A good book on a rainy day is happiness for me - Ruskin Bond

Tuesday, July 28, 2015


An unexpected call from a friend at my dinner  table last night  (27.7.15)  put me in quandary.  I was shocked  and could not be able to digest the sad news.  When I turned  the TV on,  the news channels confirmed the death of  Dr. A.P.J. Abdul Kalam, the  darling child of Mother India.

He is  a grandfatherly figure to me.  Though not a  public figure but  came to limelight when he was awarded Bharat Ratna.   People know him as Missile Man and a scientist of par-excellence.    

His thrust on students to dream big helped to strike a chord  and his views  were always respected by all  cutting across party affiliations.

I am having his five books but  that one book written by his Secretary Mr. P.M. Nair titled  The Kalam effect in 2008 is a gem.  The book offers an inside look of  Dr Kalam's towering personality.  

Reading of  Dr Kalam from the prism of Mr. Nair's eyes is very  gripping and enticing.   After  reading the book, I became his instant fan and never missed an opportunity of reading his other books/ articles.  In fact, in 2011, I had already written on him.

If you see the life of Dr. Kalam, one fact is apparent.  He was a great dreamer.  His meteoric rise   from a son of a boat man to scientist and then to President of India is toiled with his hard labour and perseverance.    Common folks in India say to one another : Dream like a Kalam.
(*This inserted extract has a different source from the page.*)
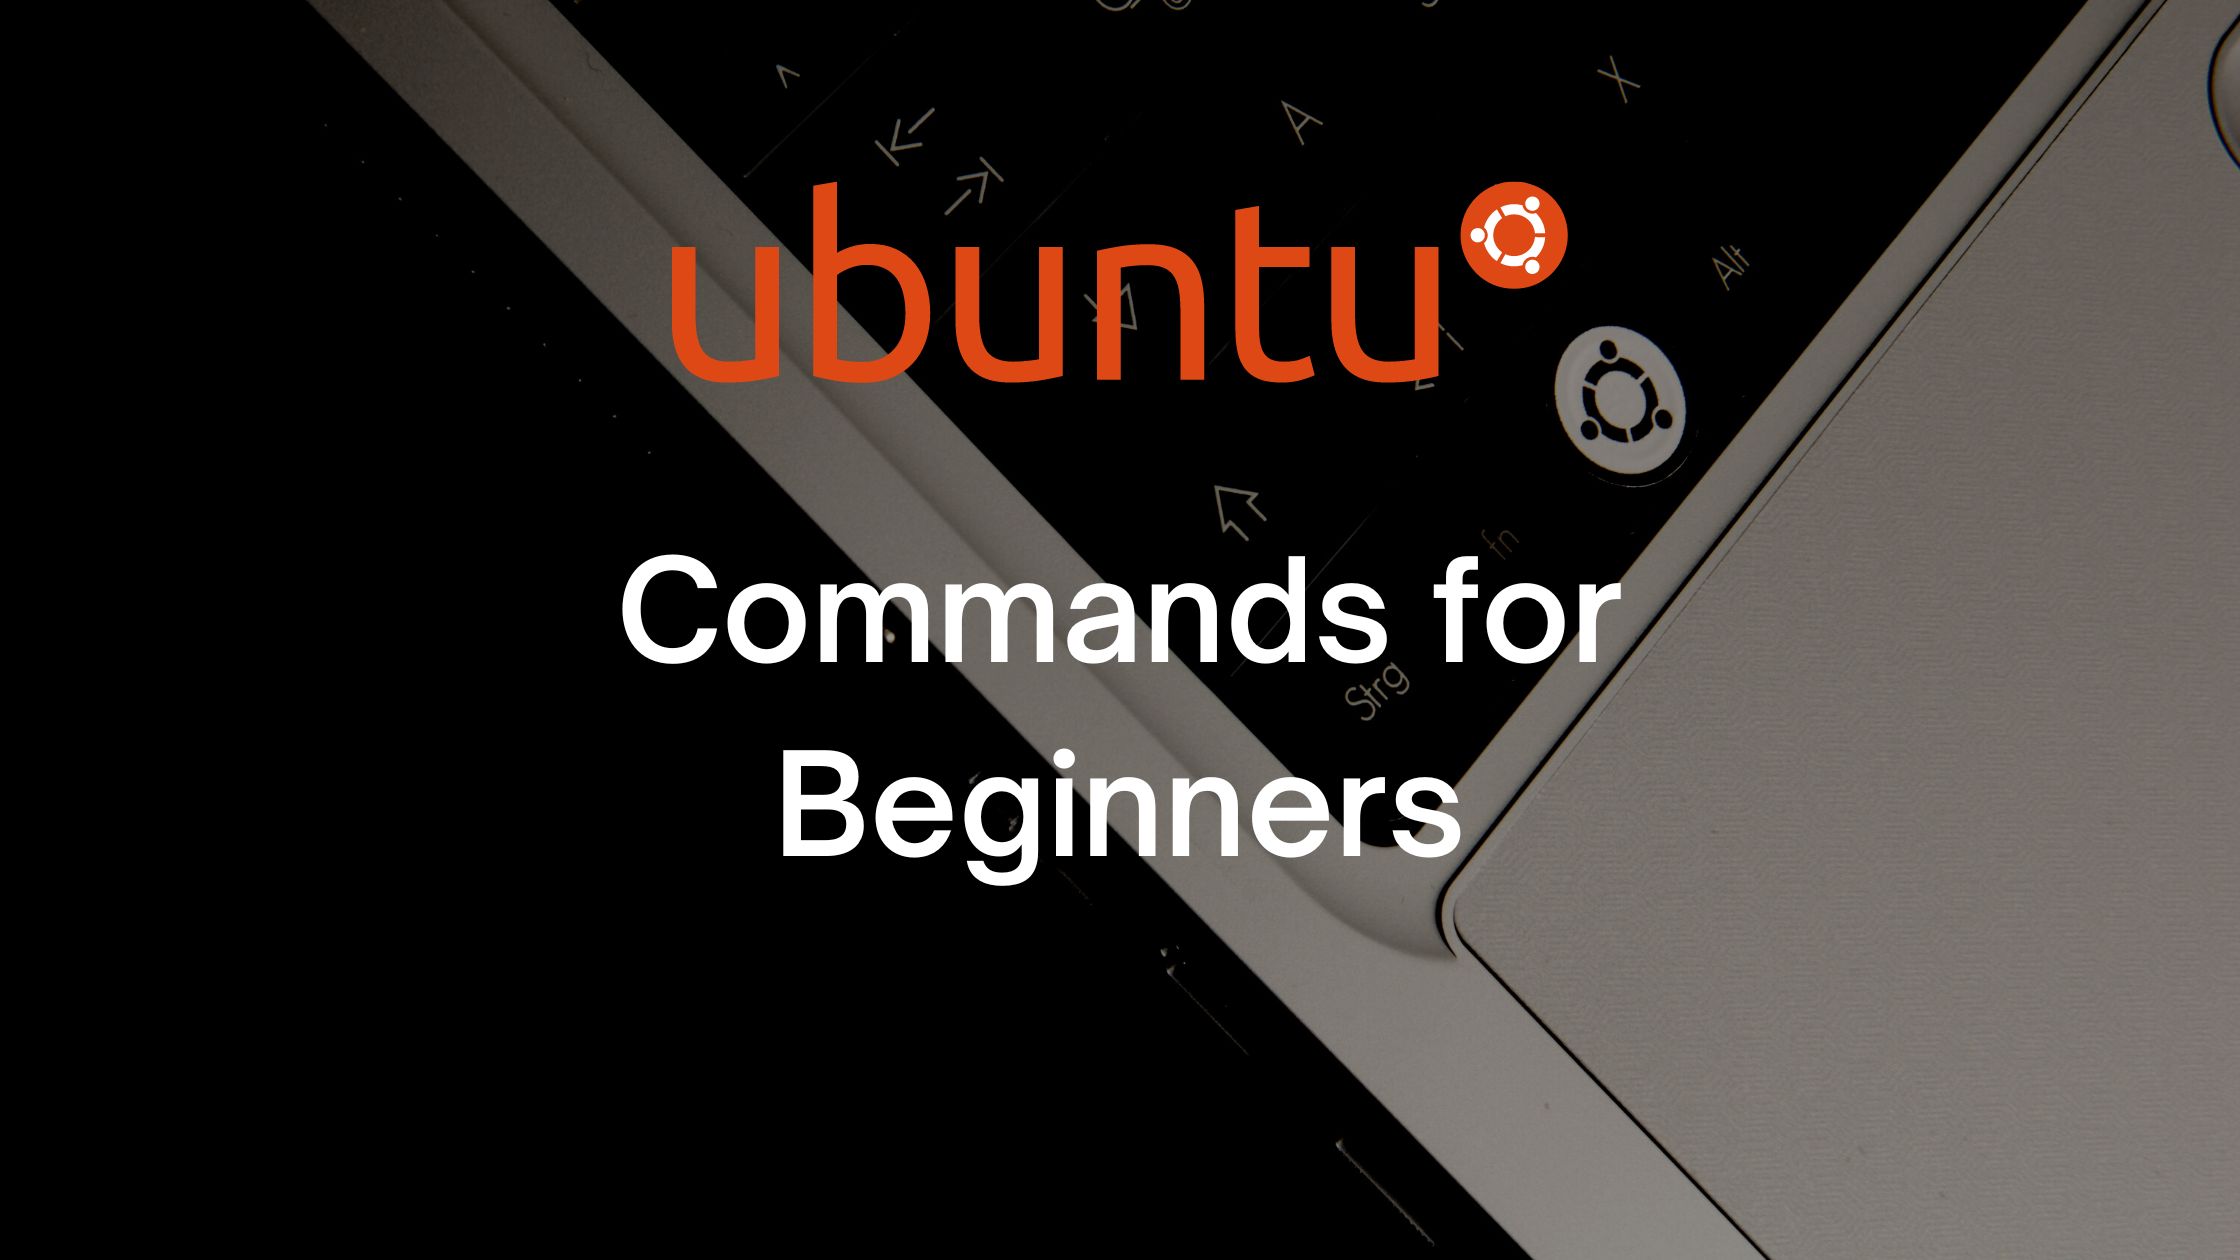 Ubuntu Commands for Beginners

I was puzzled how to respond when a Facebook friend  posted Dr. Kalam’s photo today morning  showing his  collapsed  condition at IIM  Shillong venue.  The Facebook  has  like ,comments  and share buttons.  But I felt  that all buttons were inappropriate to respond to the occasion.  Even I got a flash of insight to suggest the Facebook Founder  to add buttons like  sad   feel bad.

Kalam’s life depicts  a heroic personality. The teacher in him always finds an opportunity to educate students and masses.   If you ask me what ignited  a lot, it is a chapter on books from  his book My Journey where he mentioned his three favourite books:

            1. Light from Many Lamps – edited by Lillian Eichler Watson (Read my book review here)
            2. Tirukural by Thiruvalluvar (2000 year old 1330 rhyming tamil couplets)
            3. Man, the Unknown by Alexis Carrel 
(Read my book review  here)

Dedicating that book to 16 million youth whom he had met and interacted during the last two decades reflects his patriotic fervour  and selfless service.  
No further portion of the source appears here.